The design of ultra-low voltage analog CMOS integrated circuits requires ad hoc solutions to counteract the severe limitations introduced by the reduced voltage headroom. A popular approach is represented by inverter-based topologies, which however may suffer from reduced finite DC gain, thus limiting the accuracy and the resolutions of pivotal circuits like analog-to-digital converters. In this work, we discuss the effects of finite DC gain on ultra-low voltage $\mathsf{\Delta }\mathsf{\Sigma }$ modulators, focusing on the converter gain error. We propose an ultra-low voltage, ultra-low power, inverter-based $\mathsf{\Delta }\mathsf{\Sigma }$ modulator with reduced finite-DC-gain sensitivity.
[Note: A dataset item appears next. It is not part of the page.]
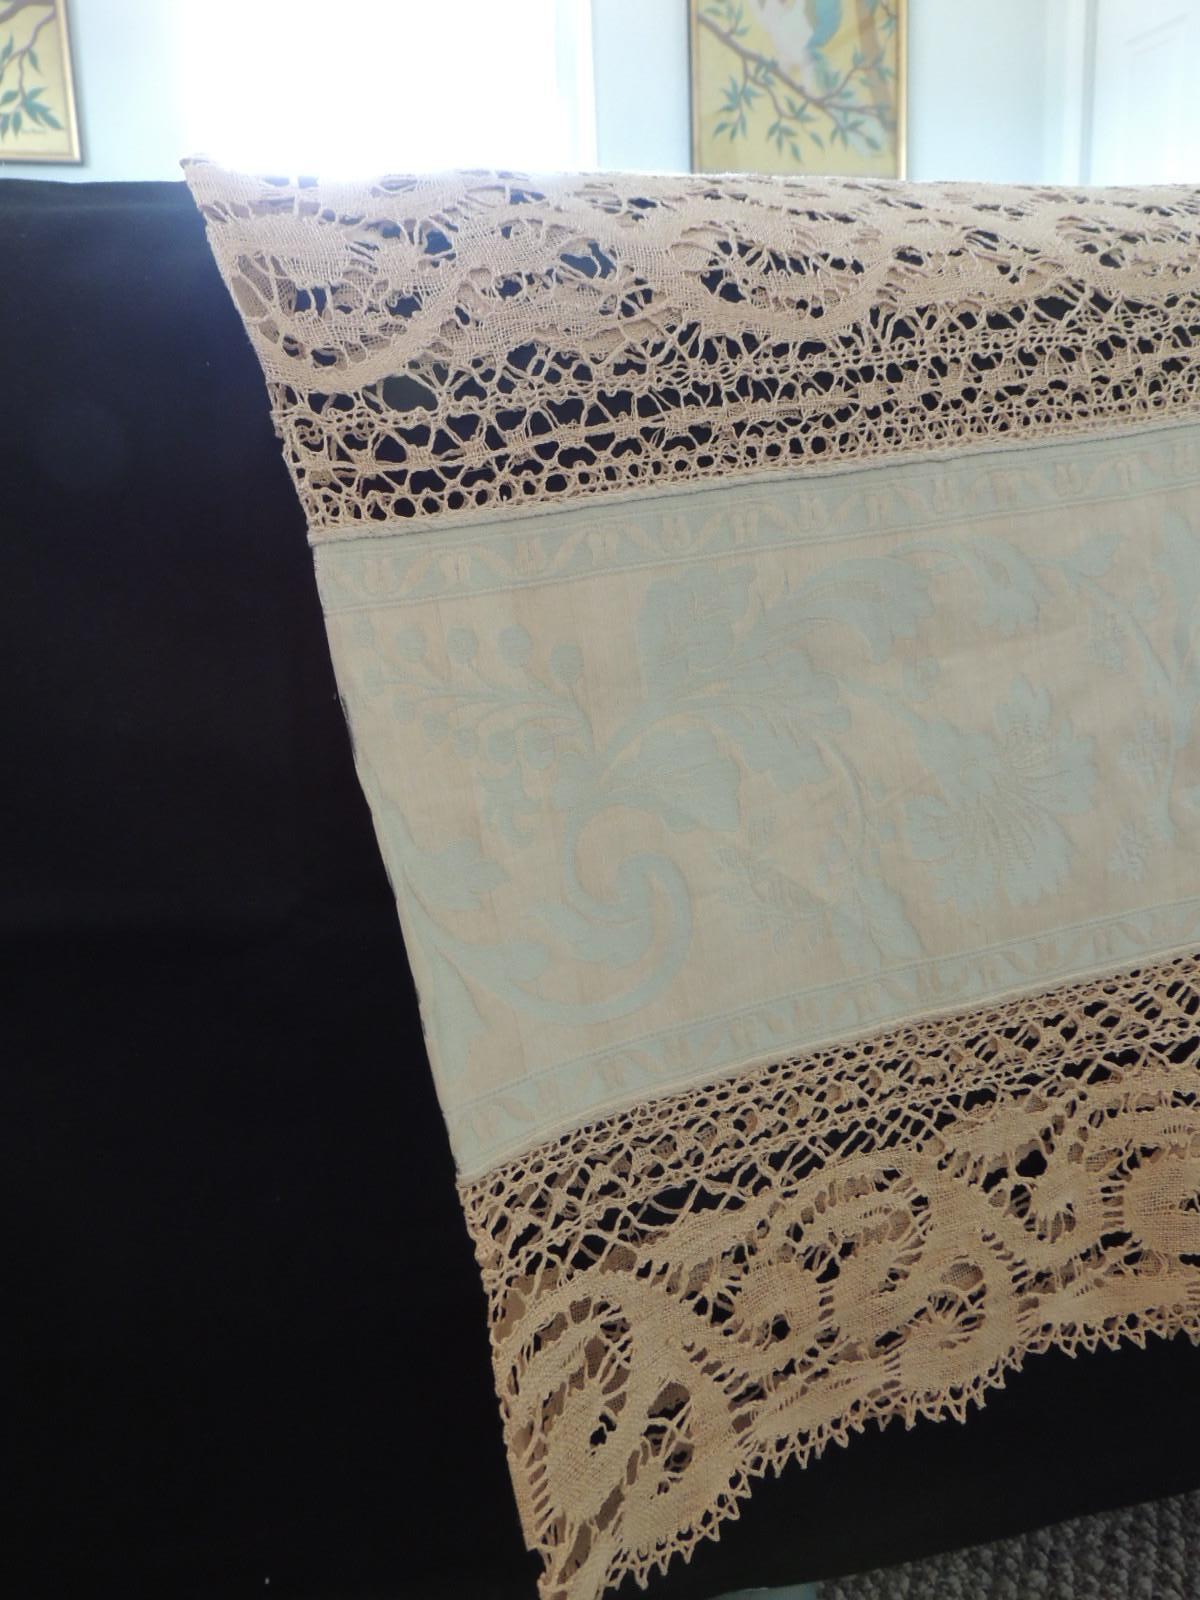 Bobbin Lace and Damask Bed Topper with Large Lace Center Panel 2
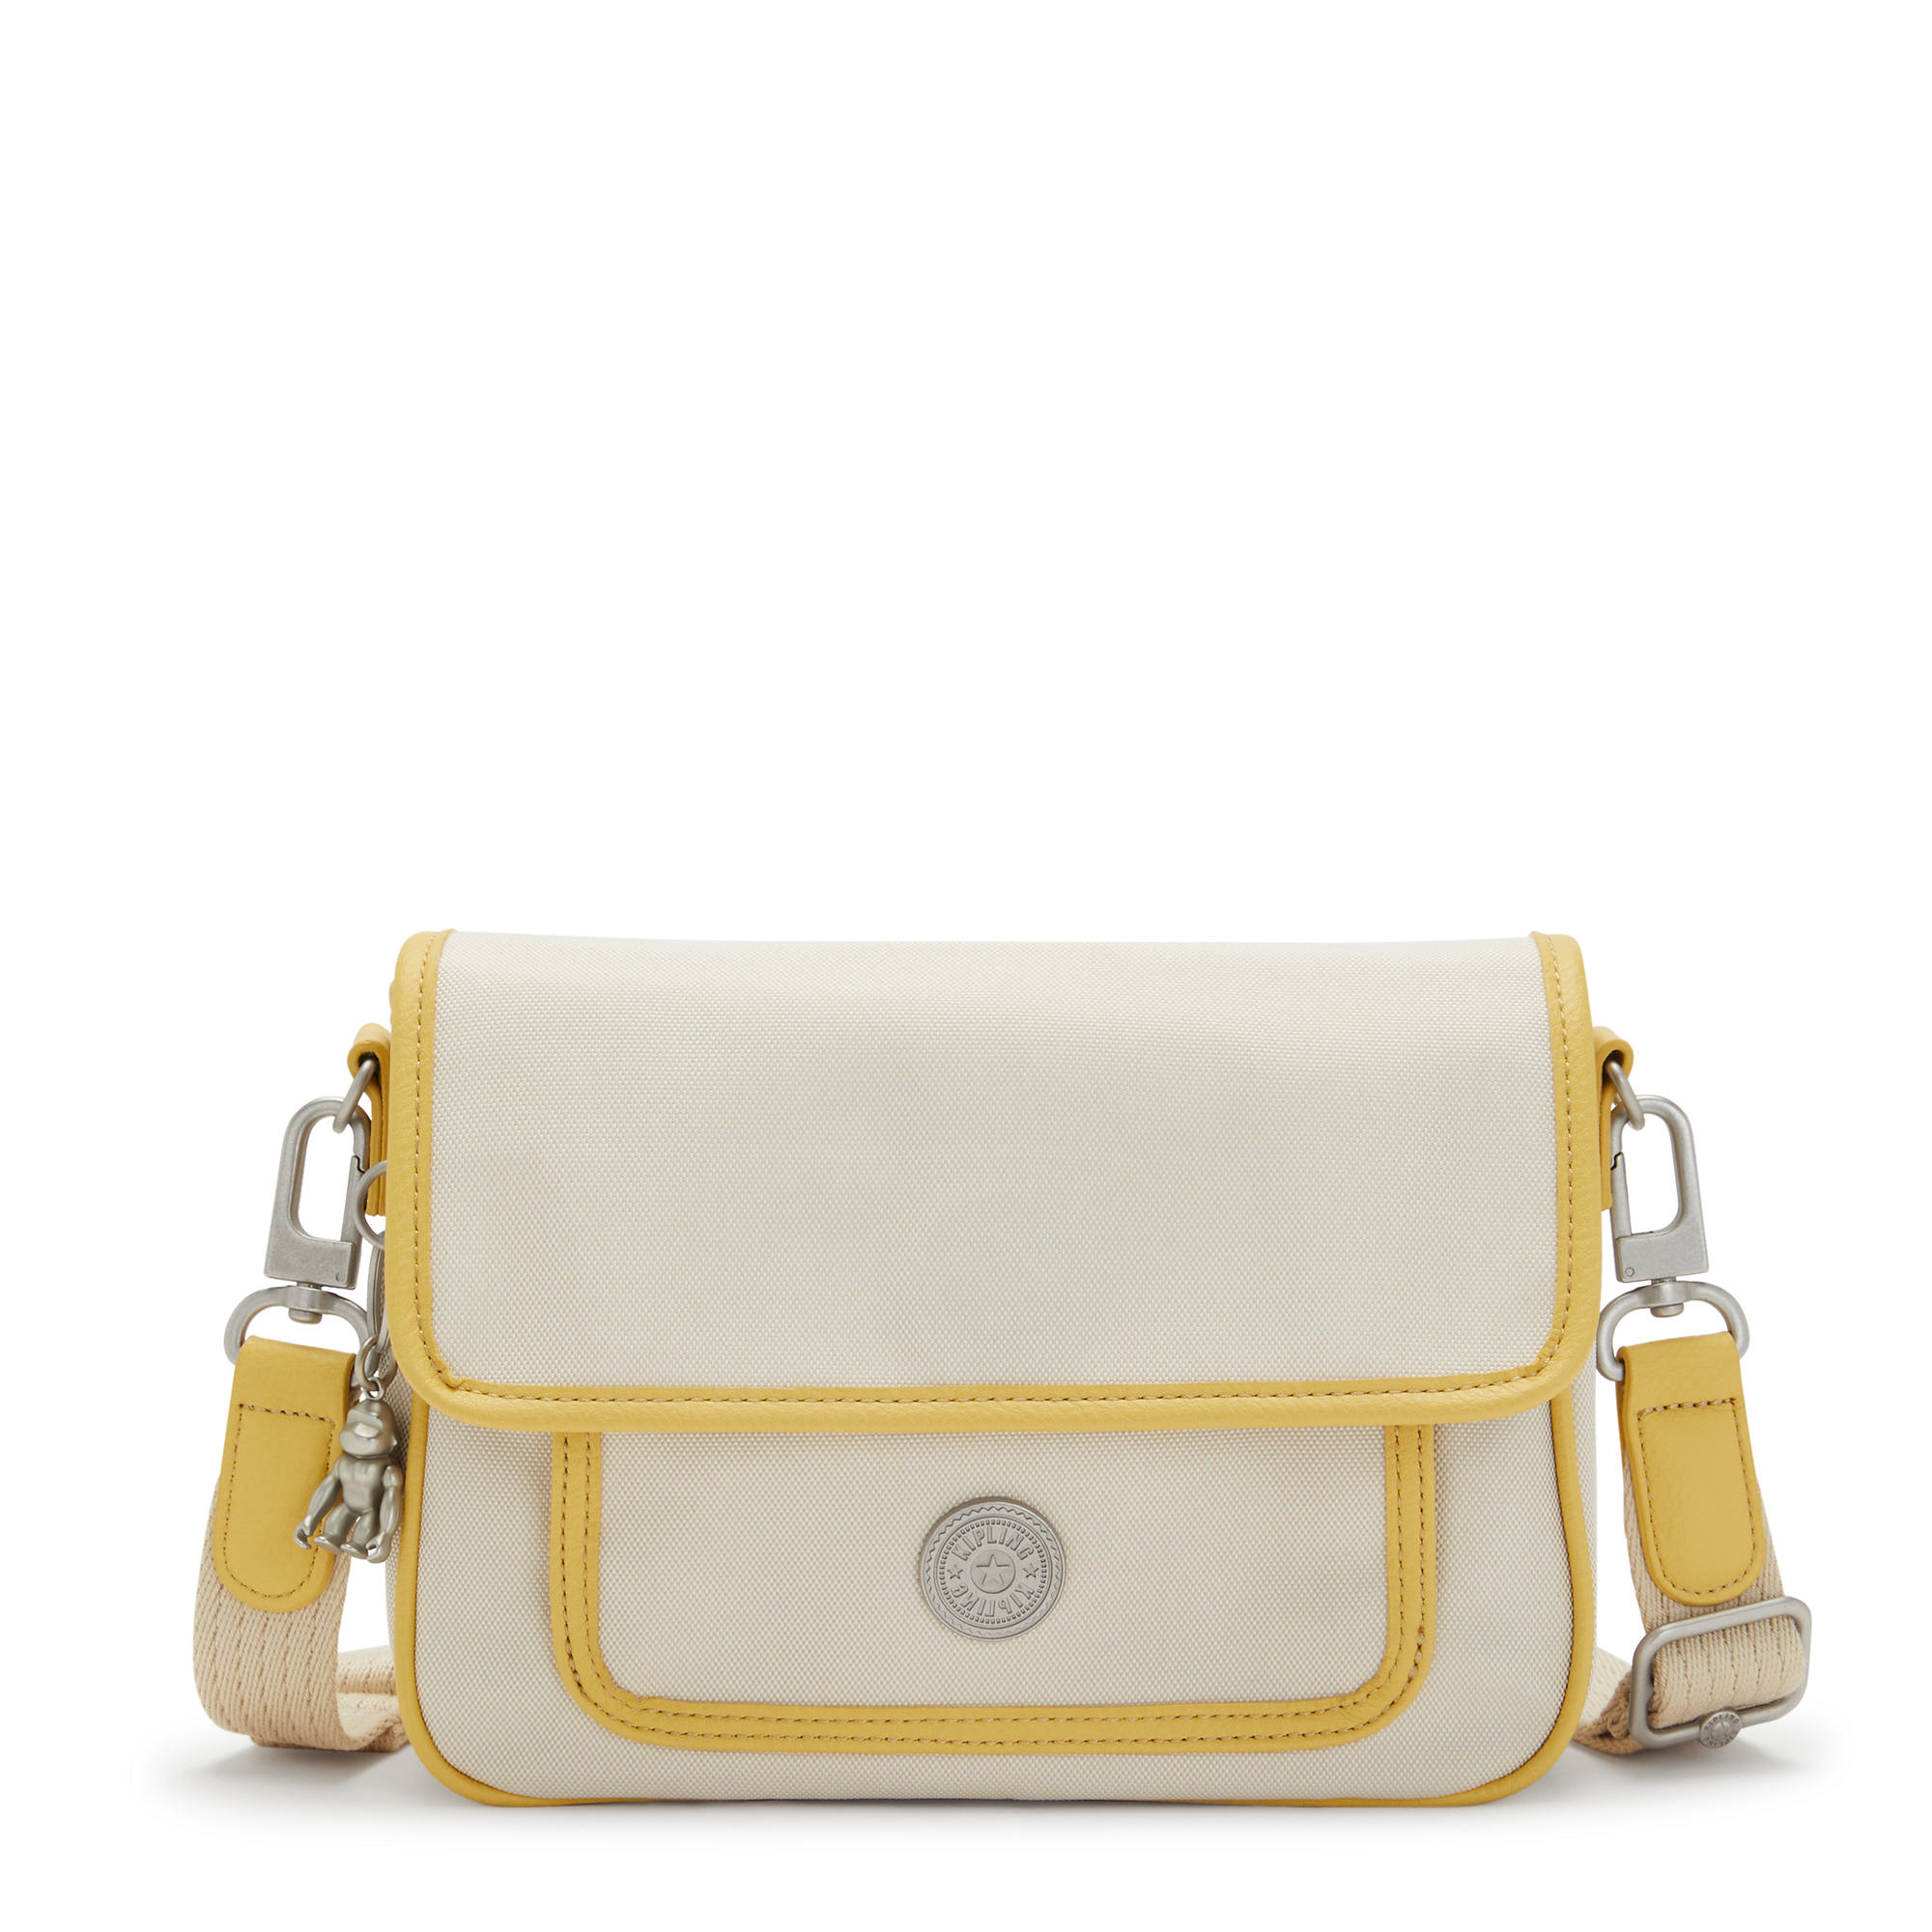 COACH Legacy Archival Two-Tone Leather Penny Shoulder Purse

The modulator employs a two-stage, high DC-gain, switched-capacitor integrator that applies a correlated double sampling technique for offset cancellation and flicker noise reduction; it also makes use of an amplifier that implements a novel common-mode stabilization loop. The modulator was designed with the UMC 0.18 μm CMOS process to operate with a supply voltage of 0.3 V. It was validated by means of electrical simulations using the Cadence^TM design environment. The achieved SNDR was 73 dB, with a bandwidth of 640 Hz, and a clock frequency of 164 kHz, consuming only 200.5 nW. It achieves a Schreier Figure of Merit of 168.1 dB. The proposed modulator is also able to work with lower supply voltages down to 0.15 V with the same resolution and a lower power consumption despite of a lower bandwidth. These characteristics make this design very appealing in sensor interfaces powered by energy harvesting sources.

中文翻译：

---

超低压Δ-ΣADC的设计策略和架构

超低压模拟CMOS集成电路的设计需要特殊的解决方案，以抵消降低的电压裕量所带来的严格限制。一种流行的方法是基于逆变器的拓扑，但是这种拓扑可能会受到有限的直流增益降低的影响，从而限制了诸如模数转换器之类的关键电路的精度和分辨率。在这项工作中，我们讨论了有限的直流增益对超低电压的影响$\mathsf{\Delta }\mathsf{\Sigma }$调制器，着重于转换器增益误差。我们提出了一种基于逆变器的超低电压，超低功率$\mathsf{\Delta }\mathsf{\Sigma }$有限直流增益灵敏度降低的调制器。该调制器采用两级，高直流增益，开关电容积分器，该积分器采用相关的双采样技术来消除失调和降低闪烁噪声。它还利用实现新型共模稳定环路的放大器。该调制器采用UMC 0.18μmCMOS工艺设计，可在0.3 V的电源电压下工作。通过使用Cadence ^TM的电气仿真对它进行了验证。设计环境。达到的SNDR为73 dB，带宽为640 Hz，时钟频率为164 kHz，仅消耗200.5 nW。它实现了168.1 dB的Schreier品质因数。所提出的调制器还能够在较低的电源电压（低至0.15 V）下以相同的分辨率和较低的功耗工作，尽管带宽较低。这些特性使该设计在由能量收集源提供动力的传感器接口中非常有吸引力。